─── Dataset content
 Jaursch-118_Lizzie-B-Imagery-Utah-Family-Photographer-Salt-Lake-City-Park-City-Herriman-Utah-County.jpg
──────
─── Dataset content
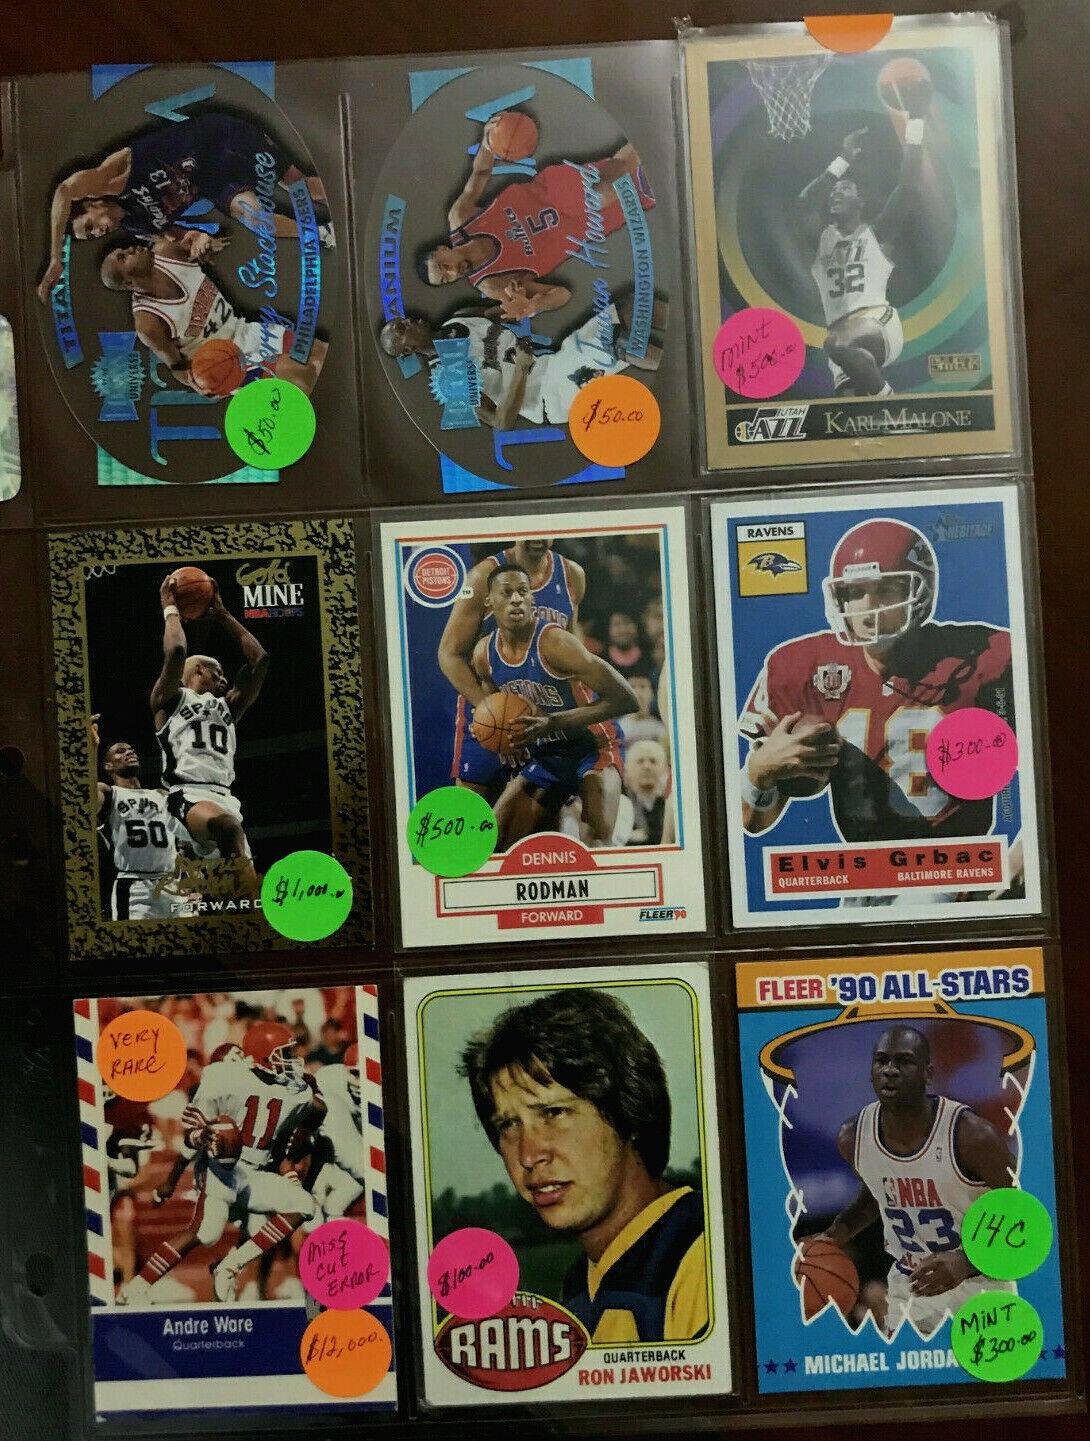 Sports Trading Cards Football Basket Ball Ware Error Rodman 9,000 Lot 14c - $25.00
──────
─── Dataset content
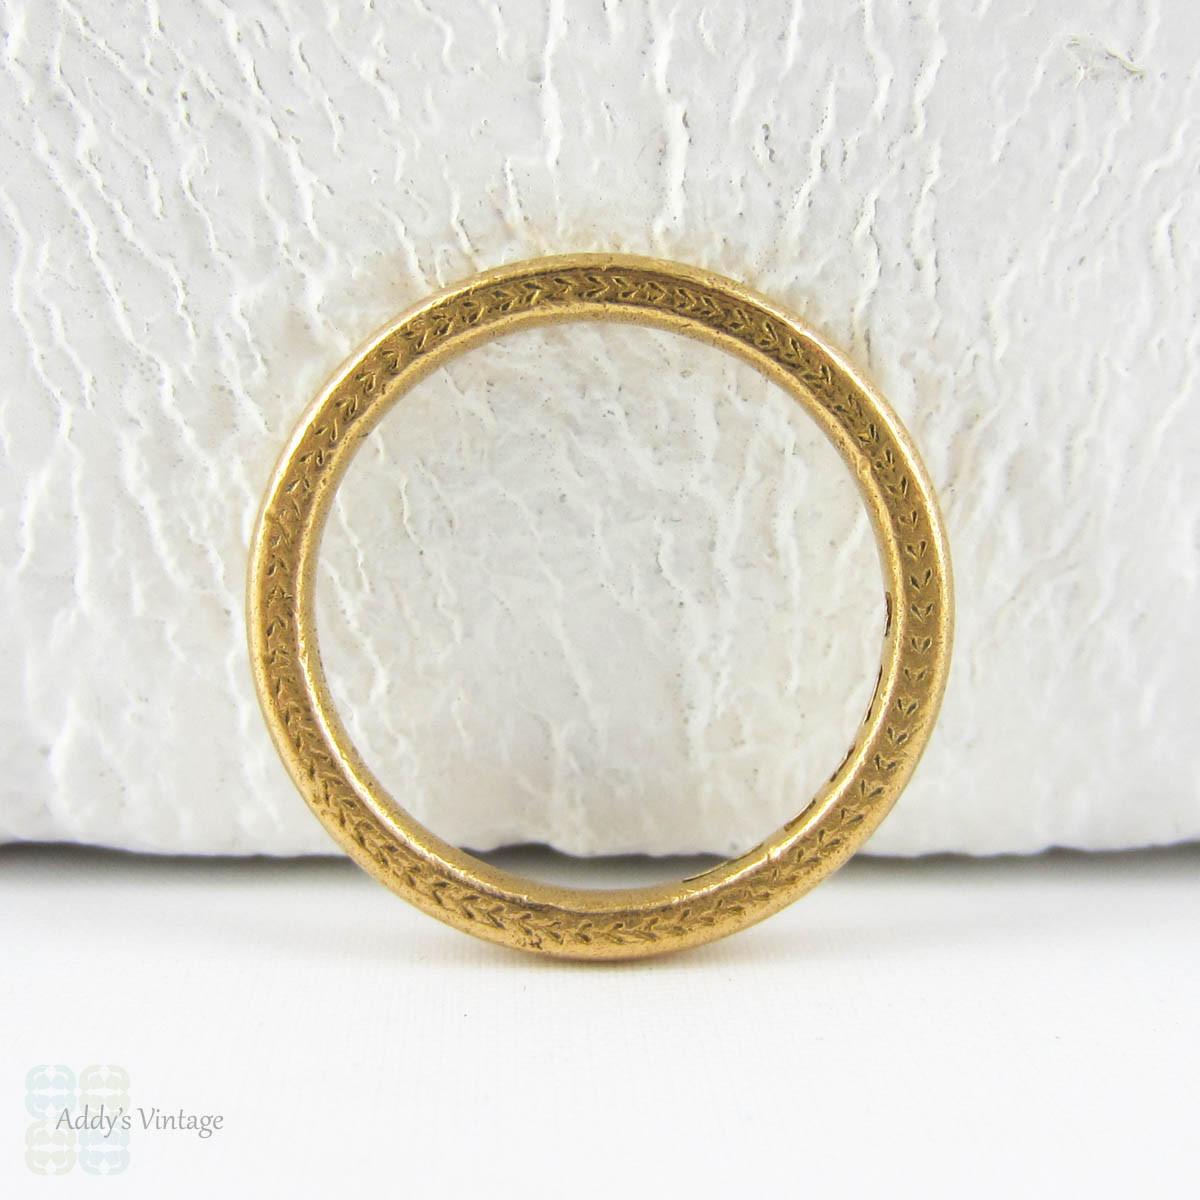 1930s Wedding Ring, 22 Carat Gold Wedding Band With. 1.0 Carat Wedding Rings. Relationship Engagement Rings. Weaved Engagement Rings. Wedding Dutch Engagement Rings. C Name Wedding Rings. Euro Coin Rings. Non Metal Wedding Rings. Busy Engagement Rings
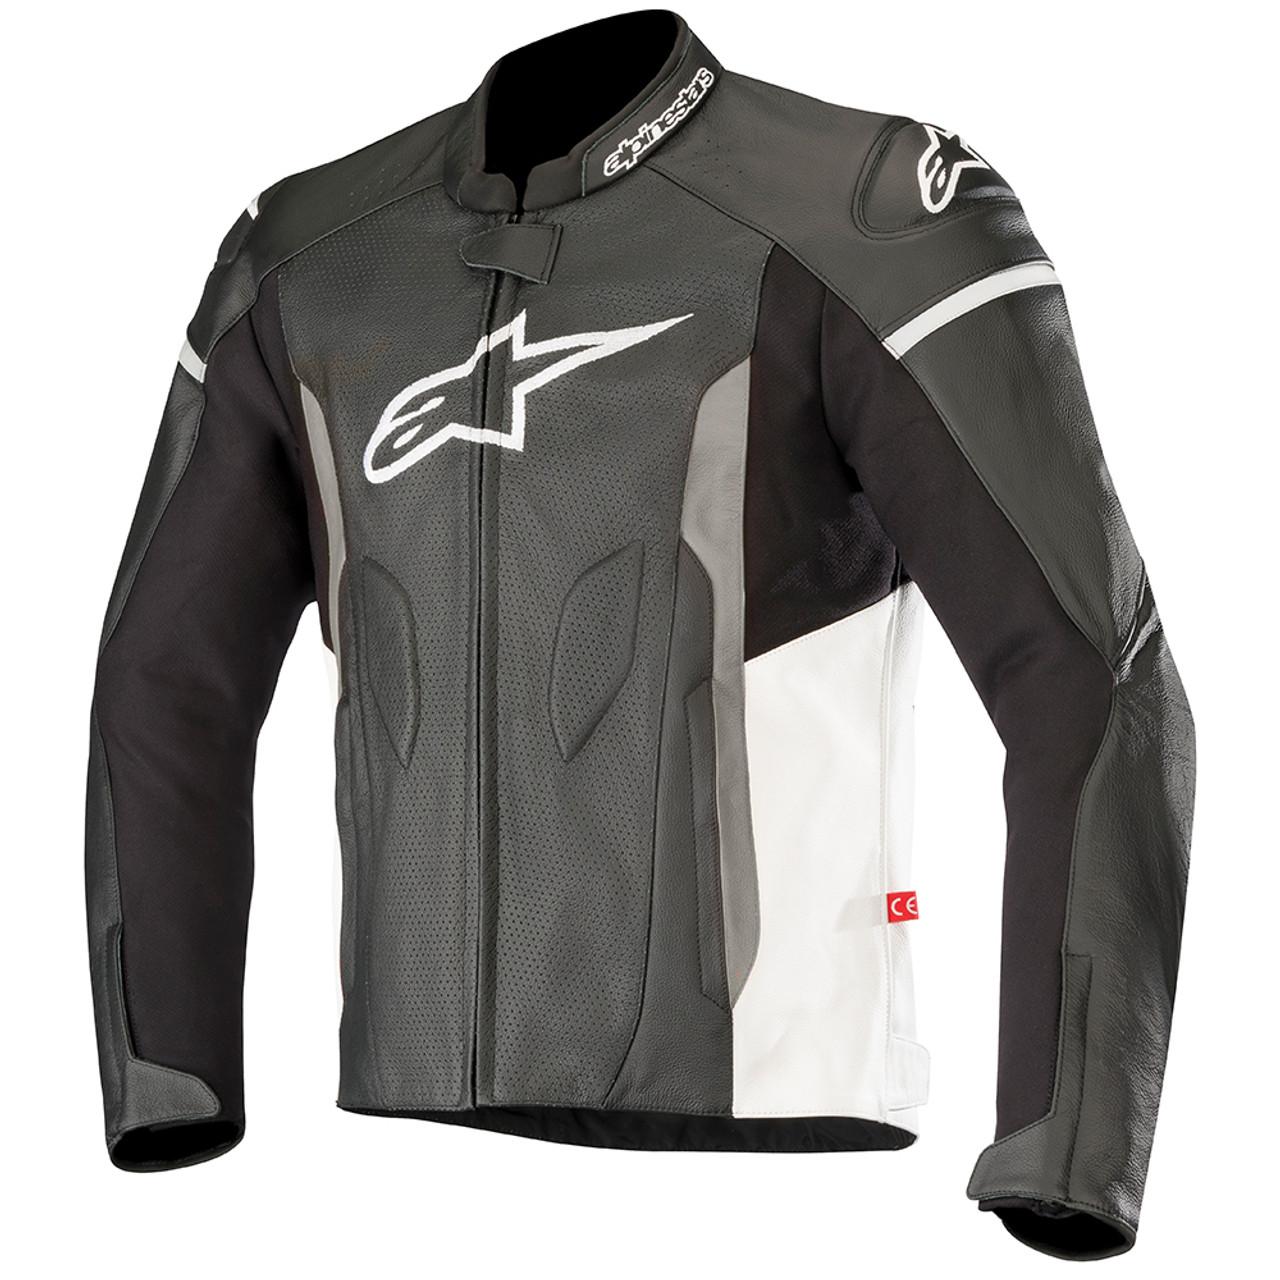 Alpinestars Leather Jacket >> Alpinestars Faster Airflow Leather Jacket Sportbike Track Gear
──────
Word for word, restate the lines above from the one with "1930s Wedding Ring, 22" through the one with "Alpinestars Leather Jacket", keeping both ends and dropping the pictures.

- **Task result**
 1930s Wedding Ring, 22 Carat Gold Wedding Band With. 1.0 Carat Wedding Rings. Relationship Engagement Rings. Weaved Engagement Rings. Wedding Dutch Engagement Rings. C Name Wedding Rings. Euro Coin Rings. Non Metal Wedding Rings. Busy Engagement Rings
 Alpinestars Leather Jacket >> Alpinestars Faster Airflow Leather Jacket Sportbike Track Gear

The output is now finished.